In this presentation we will examine the extent to which these functionally beneficial features and patterns contribute to a product’s usability. In those cases where such a relationship can be demonstrated, we can predict that an object’s visual attractiveness, or its pleasantness in one of the other sensory domains, will correlate with its usability. In other cases, such a correlation will not be observed. The present paper could thus serve as a source and inspiration for new empirical work on the conditions under which usability enhances beauty, or vice versa.

 

Thomas Jacobsen

Neuro-cognitive psychology of aesthetics

The investigation of aesthetic processing has constituted a longstanding tradition in experimental psychology, of which experimental aesthetics is the second-oldest branch. Building on this heritage and drawing on a host of related scientific disciplines, I will argue that a strongly interdisciplinary psychology of aesthetics can be fruitfully approached from at least seven different perspectives, each with multiple levels of analysis: diachronia, ipsichronia, mind, body, content, person and situation. Based on this framework, neurocognitve methodology can be employed to illuminate the temporal course and neural underpinnings of aesthetic processing. Eventually, this work may coalesce into a unified theory of aesthetic processing.

 

Meinald T. Thielsch

Experimental approaches on aesthetics and usability

There is an increasing trend to talk about constructs beyond usability, especially emotional aspects are often discussed (Hassenzahl, 2007). Many researchers stress the importance of aesthetics (e. g. Tarasewich, 2001; Tractinsky & Hassenzahl, 2005) and a lot of studies adress the relation between usability and aesthetics – mostly based on survey data and correlation analysis. After a clear definition of the constructs, as far as this is momentarily possible, this talk will discuss the current interpretations for the relation between the two constructs and will give a slightly different perspective based on experimental data.

 

Christoph Johannes Häberle

Colour preferences – between social convention and individual aesthetic perception

Visual communication is the quickest way to convey information. In split seconds colours, forms and surface structures pass on emotionally and intuitively essential information about our vis-à-vis. Attention is roused, assiciations, perceptions and feelings were engendered, meanings and values defined. In social communities signs have special meanings (denotations, connotations). This conventionalized symbolic of signs is the elementary basis in a society’s non-verbal specific communication system. Influenced by development processes within a social system non-verbal communication systems are subject to permanent change. Thus every communication system is a reflex of the socio-cultural and intellectual discussion in a social community concentrating itself in specific principles of perception, thinking and understanding. These specific patterns of perception are also responsible for aesthetic imagination and ideals. To the highest degree they are shaped by these socio-specific comprehension principles; they are contextually associated and subject to dynamic change in use. In a complex manner individual aesthetic ideas and preferences are influenced by the collective ideas of a specific system.

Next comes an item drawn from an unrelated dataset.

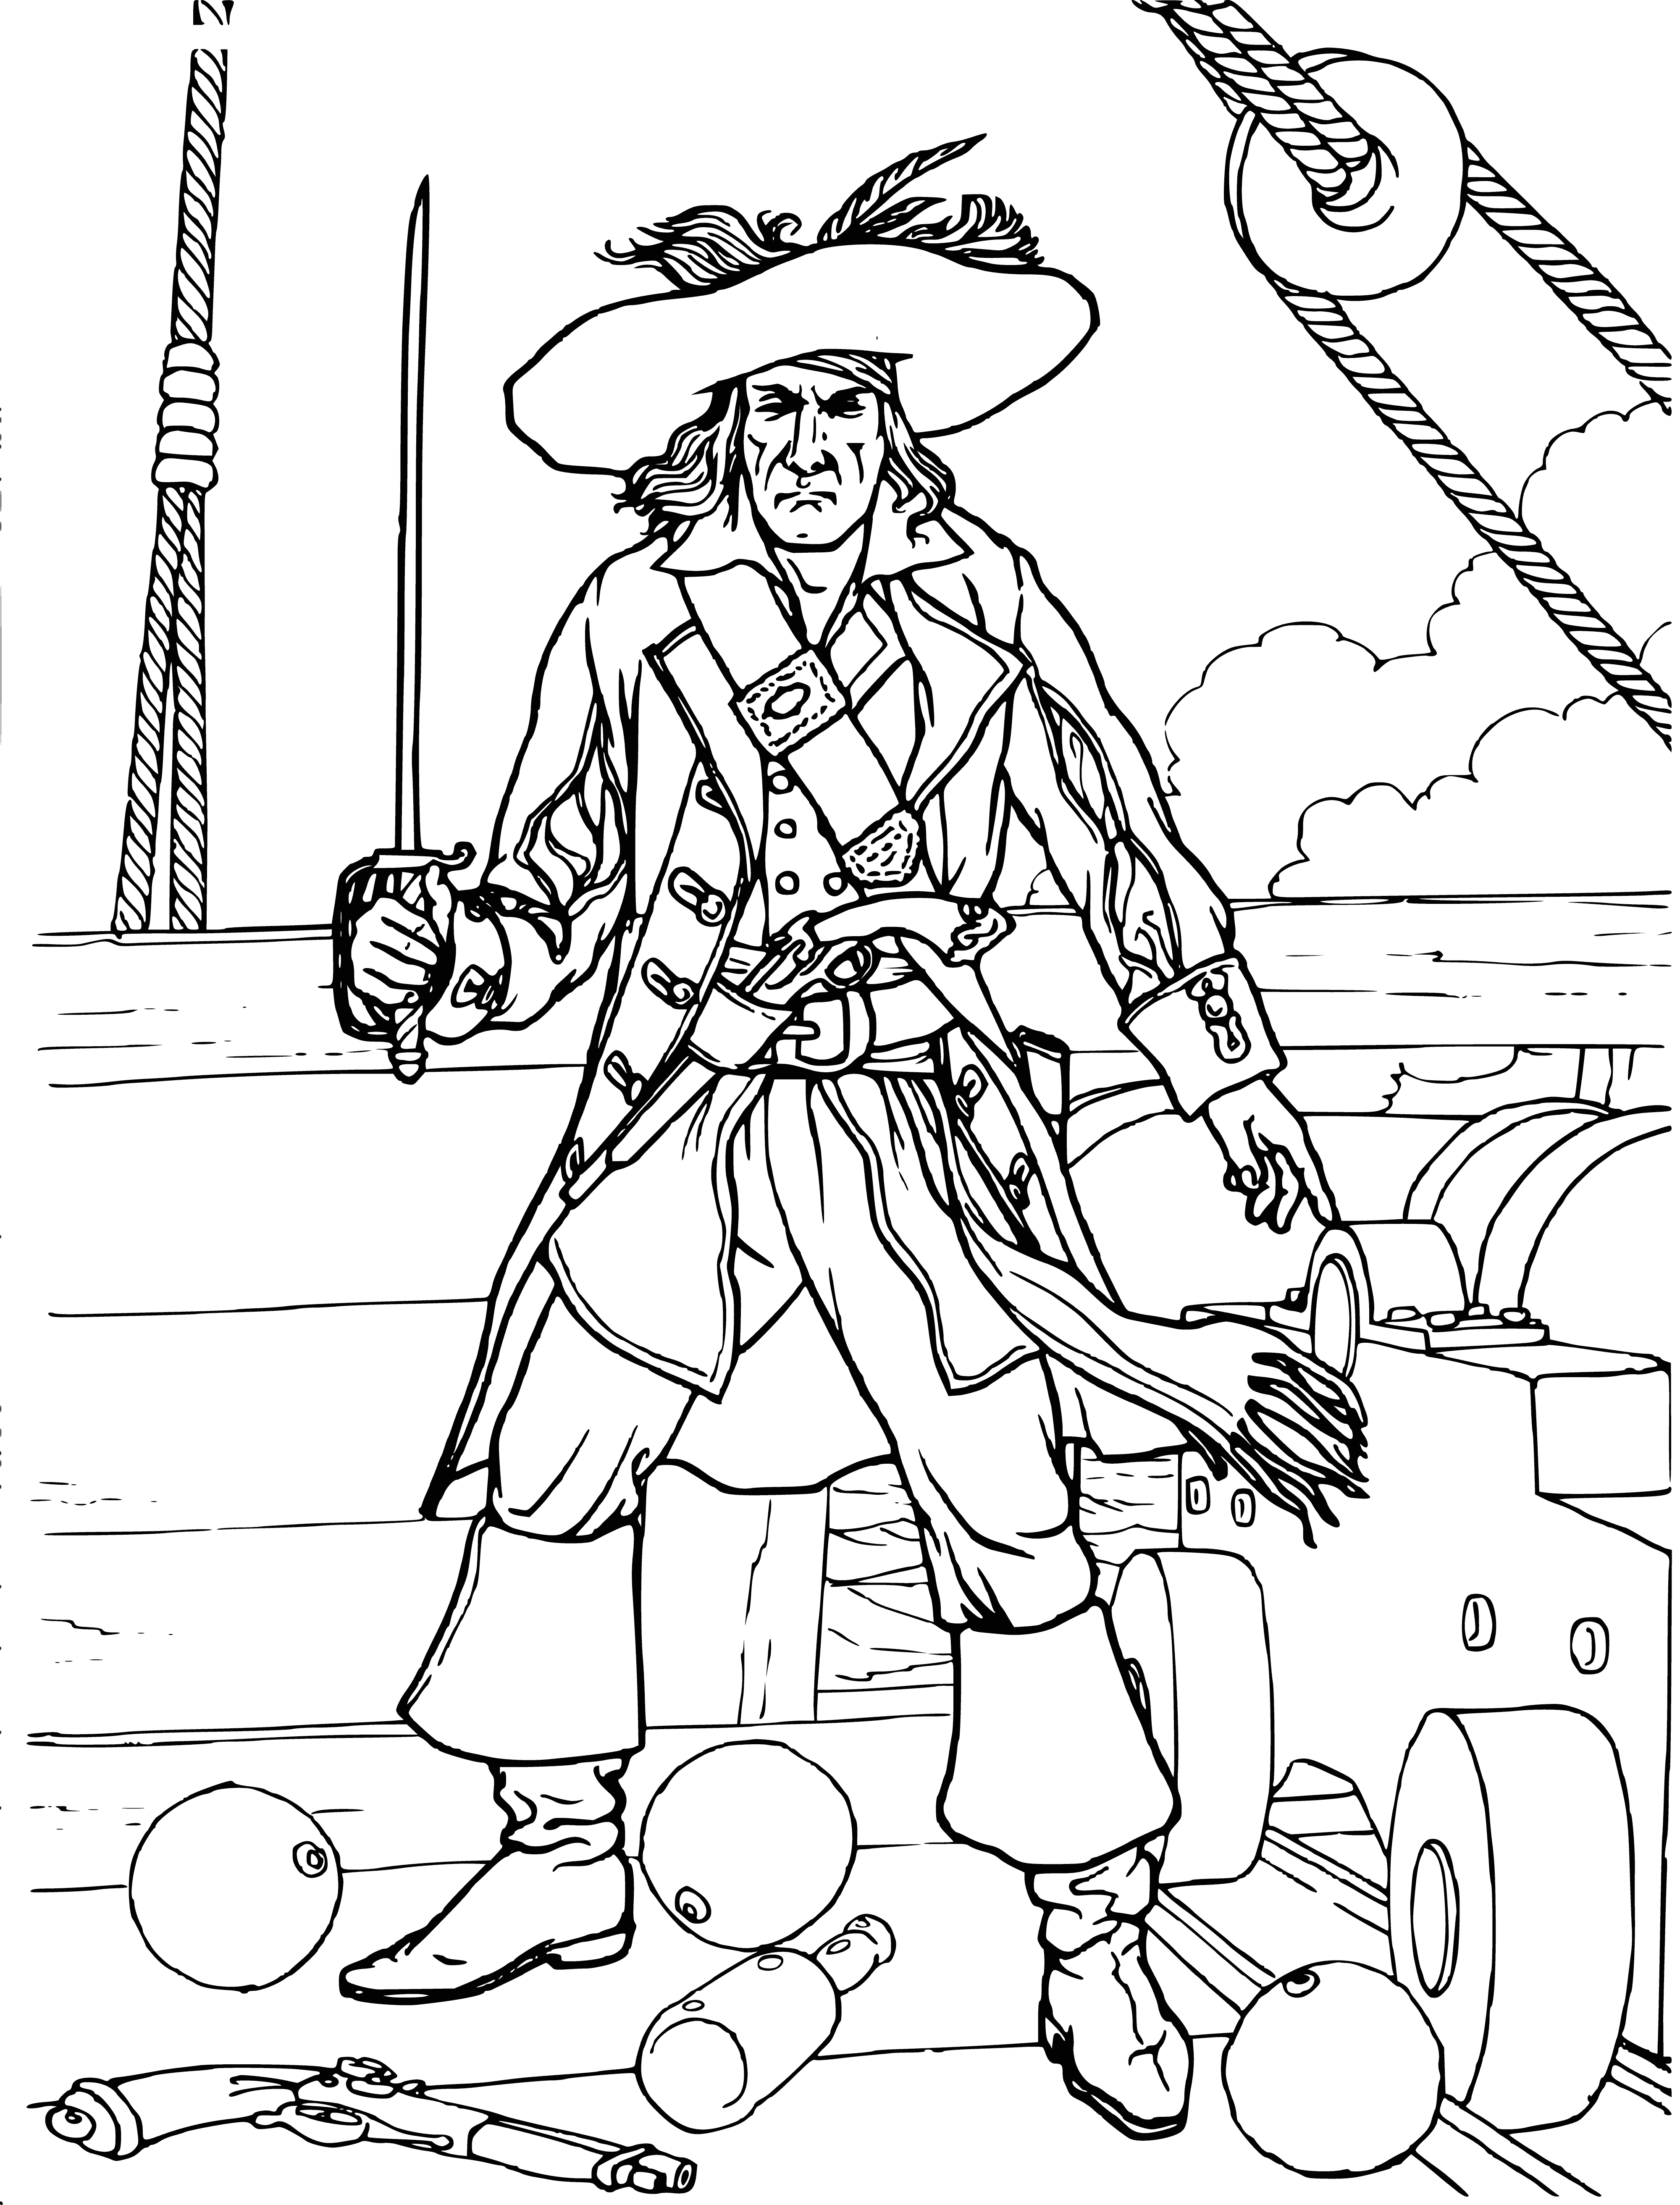 coloring page: Man in tattered clothing, armed with sword, readying for fight aboard large ship. Sailors waiting on deck. Ready for battle!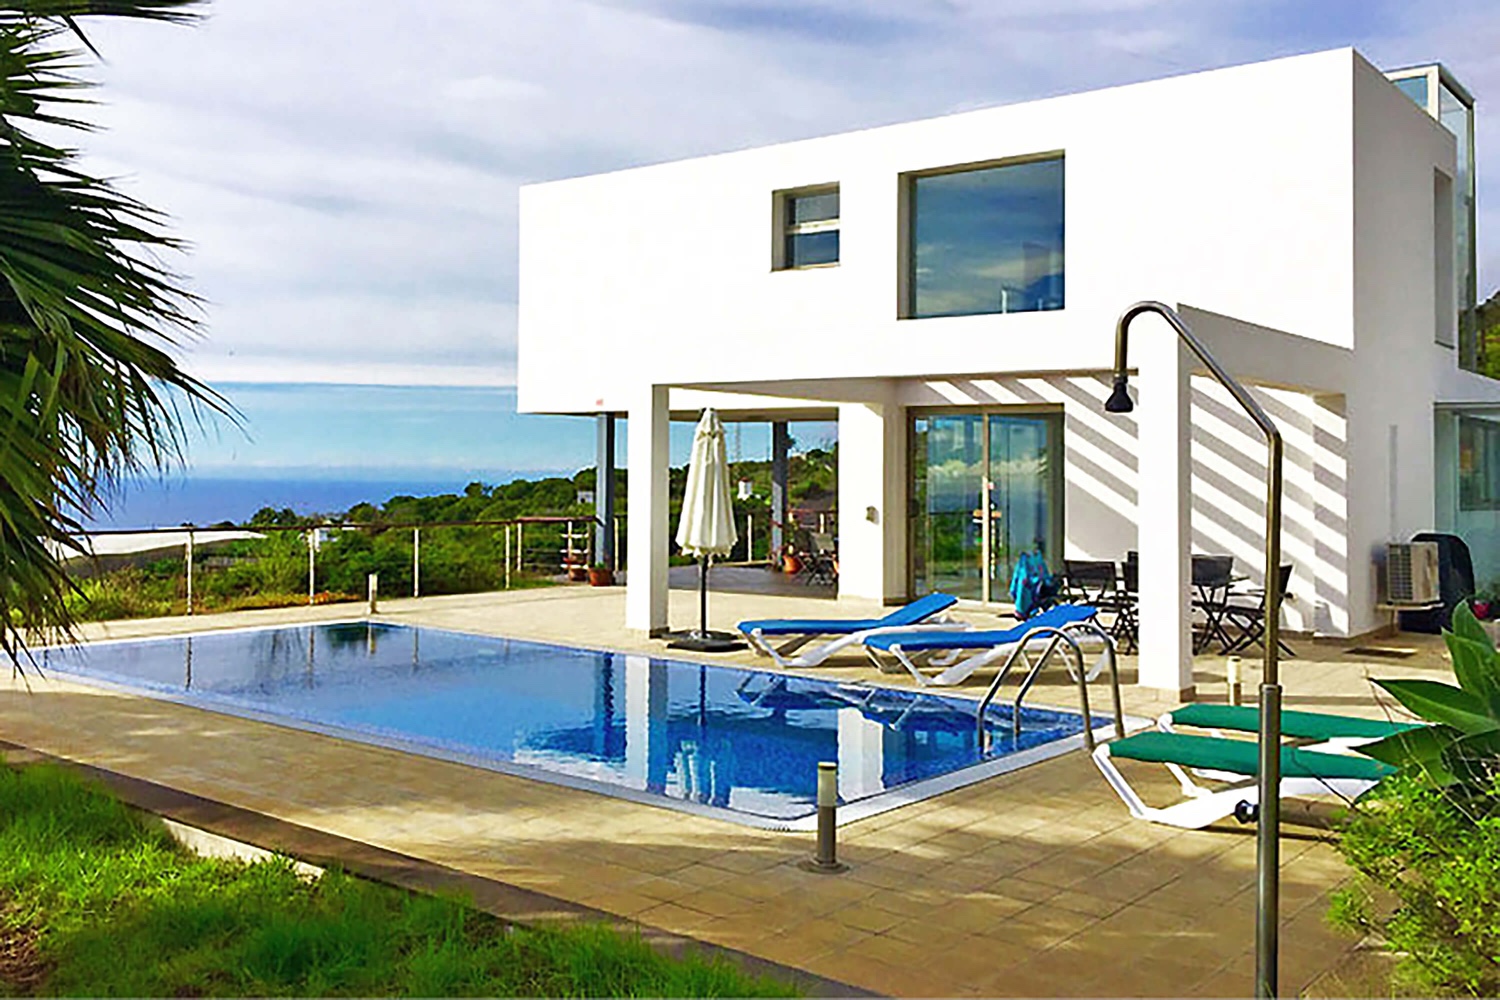 Luxurious holiday home for rent on La Palma with modern architecture with large pool and beautiful panoramic sea views

For more than ten years Christoph Häberle, expert in colours, is engaged in the subject of colour preferences in various "fields of life", the consumption attitudes of different target groups and people’s general treatment of colours. For two years he studied in more than ten countries in Europe in real every day situations colour treatment in different cultural communities, their colour preferences and colour decisions – in social every day life as well as in the domain of modern art, design and architecture.

His results show clearly that there exists a very different understanding and affinity to colours, individually as well as collectively. Natural, cultural, social and individual influences are the reason therefore. Colours and forms thereby speak an unequivocal language.Only he who understands the principle according to which people encode signs, is able to communicate well-aimed.

 

Peter Wright

The aesthetics of experience-centred design

The theme of this conference, aesthetics and usability, leads most obviously to a consideration of the aesthetics of interaction. Such a focus is useful because it draws our attention away from preoccupations with ocular aesthetics of form and our visual experience of the world, towards a more embodied and relational or dialogical aesthetics. Many researchers working in the intersection of art, design and social science have argued the need for this shift in focus, and in this paper, I suggest that a dialogical aesthetics could be useful for interaction design too.
Somatics and somaesthetics, are areas of research which focus on body-based practices including meditation and dance. They view aesthetic experience as fundamentally somatic, multi-sensorial, and visceral. Relational or dialogical aesthetics focuses on the inter-human relations that a work expresses, produces or prompts. I will describe three interaction design projects which can be understood in terms of an embodied dialogical aesthetics. These projects point to a terrain that explores our experience of relations between subjectivity and otherness, self and place, self and community, self and technology. Through the relationships that participants form with artist and other participants, they engage in a creative interaction which not only provides an intrinsically aesthetic experience of technology, but also supports relationship building, reflective dialogue, and connections between people and places, artists and participants.

 

Marc Hassenzahl

Consequences of beauty

The visual appearance of an interactive product – its beauty (or the lack of it) – has a deep effect on how we think about the product. Beauty, for example, adds value; at least some people are willing to pay a little bit more for a beautiful product. But it also has consequences beyond this. It is an important starting point for inferring other quality attributes, such as usability or social value. Furthermore, it is crucial for creating an emotional attachment to a product. Some researchers even suspect beautiful things to work better – if not objectively, at least in the perception of its users. But there is also a downside to beauty, the "dilemma of beauty", which sometimes leads people to prefer a less beautiful, more usable product to a more beautiful, but less usable, although people predict more later enjoyment from the beautiful.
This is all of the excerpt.